The second answer addresses this more directly. It comes when we quantize the theory. This is discussed in great detail in many qft textbooks, but the gist is relatively simple. At this point I will say $\hbar=1$, if you really want to keep track of the $\hbar$ dependence you can get it back by dimensional analysis.

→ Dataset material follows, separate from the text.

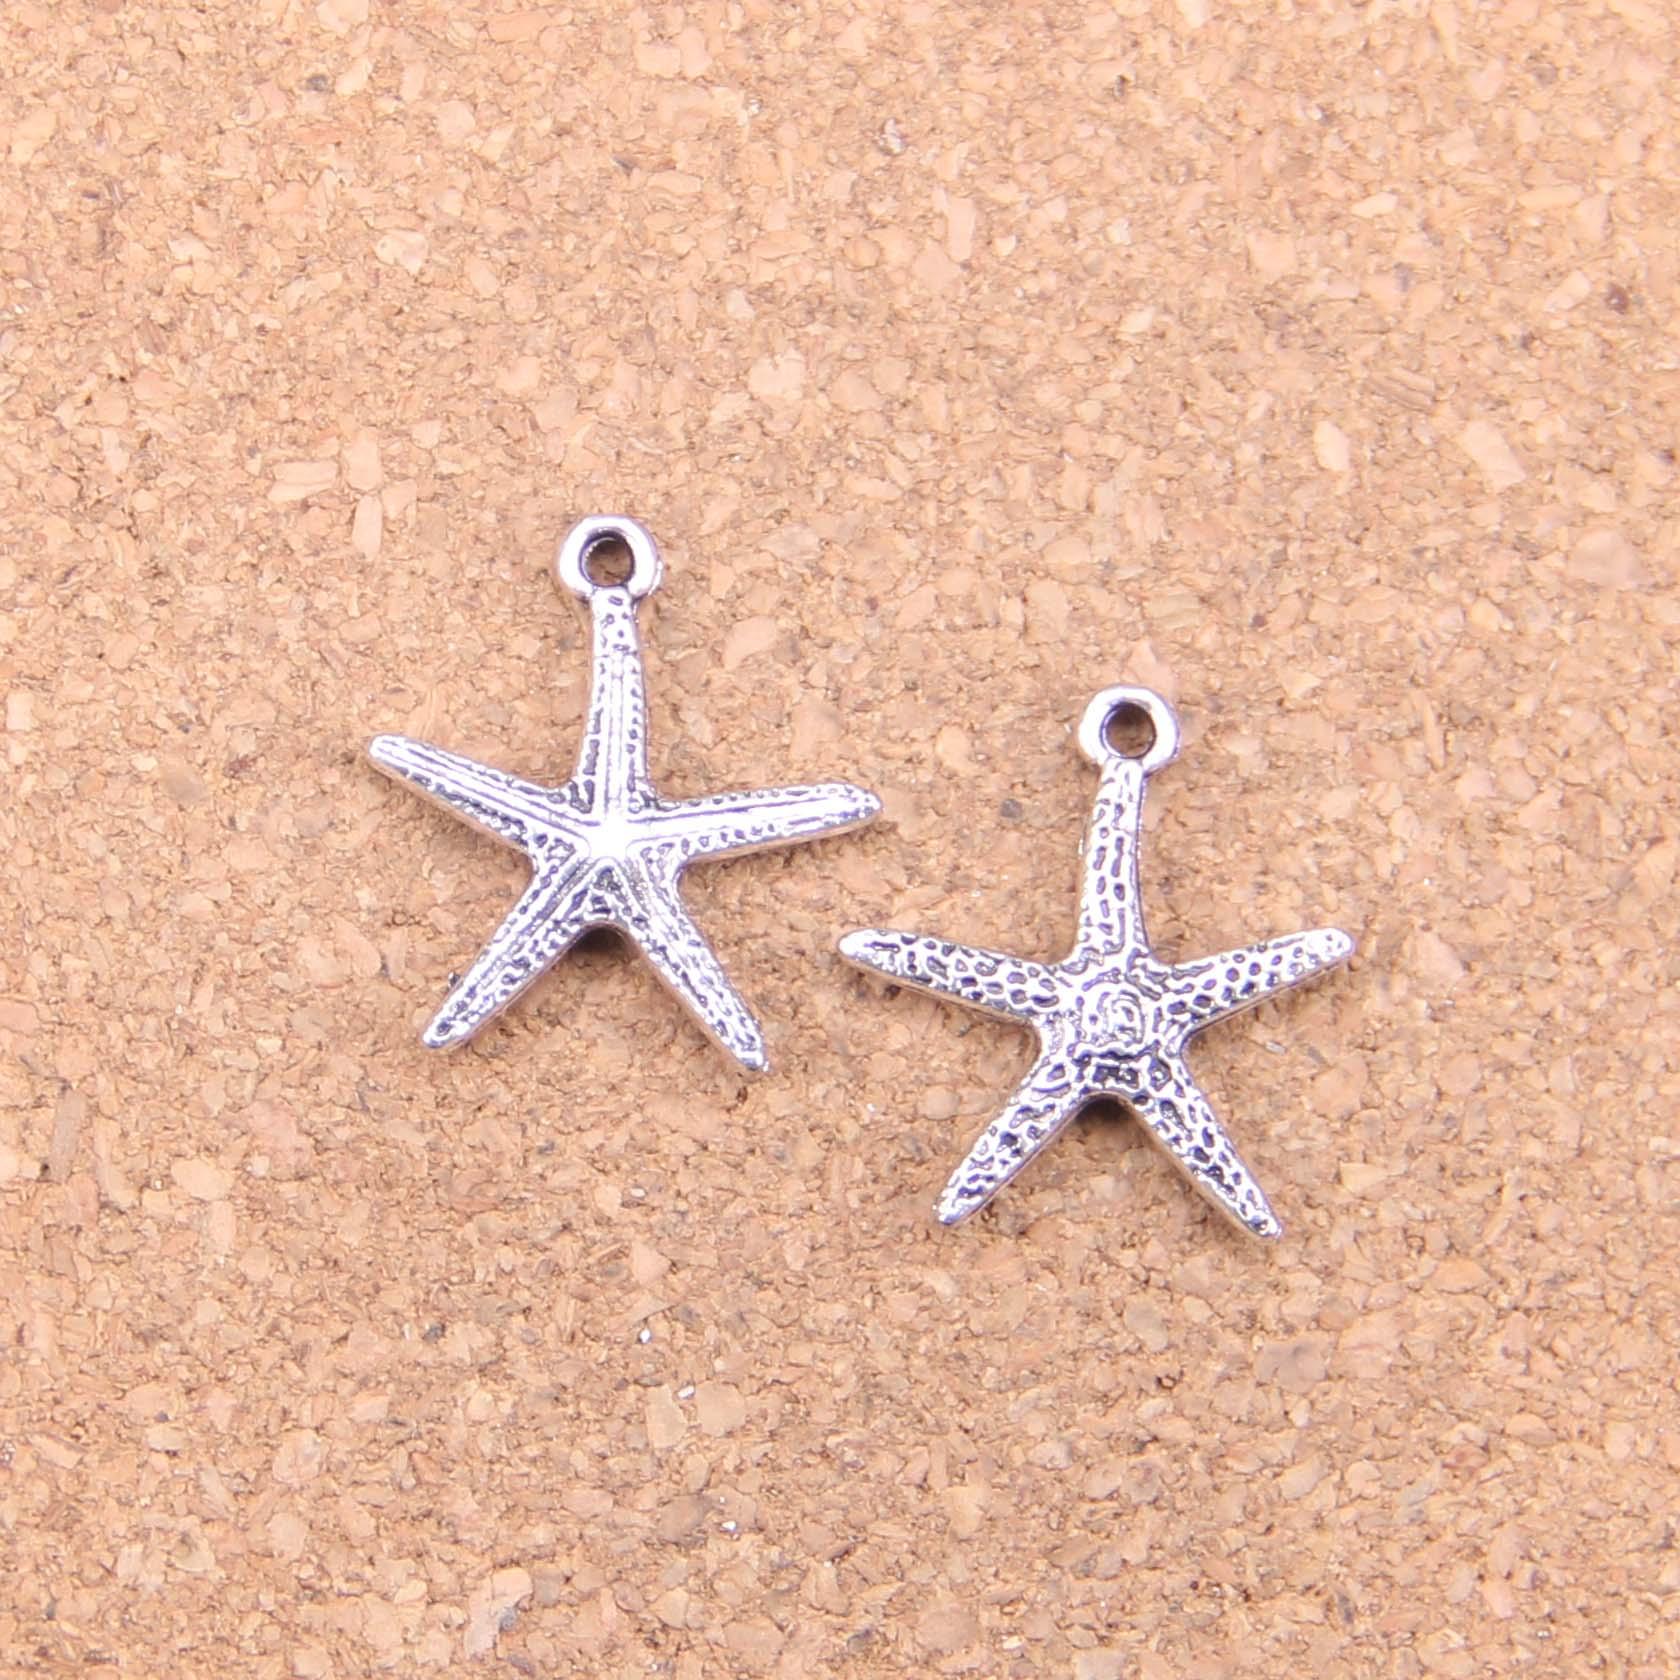 10 x Tibetan Silver Starfish Sea Star Charms Pendants Beads 26x23mm

If you take the equations of motion for the above system without the source (note we are no longer working with static systems):
$$-\partial_t^2\phi + \nabla^2 \phi + m^2 \phi = 0.$$
and go to fourier space
$$\tilde{\phi}(\vec{k},t)\equiv\int\frac{d^3 k}{(2\pi)^3}e^{i\vec{k}\cdot\vec{x}}\phi({\vec{x},t})$$
then you will find the equations of motion are
$$-\partial_t^2 \tilde{\phi} +\vec{k}^2\tilde{\phi} + m^2\tilde{\phi}=0$$
This is just a set of harmonic oscillators, labeled by $\vec{k}$ with frequency
$$\omega^2=\vec{k}^2+m^2$$
We can think of $\tilde{\phi}(\vec{k},t)$ for a single value of $k$ as being a single quantum variable obeying a harmonic oscillator equation, so there when we quantize these variables we will have one wave function for each value of $\vec{k}$, each of which obeys a schrodinger equation for a harmonic oscillator with the above frequency. Each harmonic oscillator will be quantized and have discrete energy levels. These energy levels are what we call 'particles'. The idea is that for a given momentum, the field $\phi$ can only have certain values of energy, and the interpretation is that these quantized wiggles in $\phi$, or in other words discrete packets of energy, are particles.
Now we remember we are doing quantum mechanics, and we are supposed to identify frequency with energy and momentum with wavelength, using
$$E=\omega,\quad \vec{p}=\vec{k}.$$
So we are describing a system with a relationship between energy and momentum given by
$$E^2=\vec{p}^2+m^2.$$
This is einstein's famous formula, and now we see that the parameter $m$ appears in exactly the place the mass of a particle would appear. It is the energy that a particle has when it has $0$ momentum. So we identify the particle like excitations we discovered above with particles of mass $m$.
However I emphasize that there are many, many, many other treatments of this and other ways of looking at it.
A good question would be, what does a particle mean if you don't have a free theory and don't get a harmonic oscillator equation above?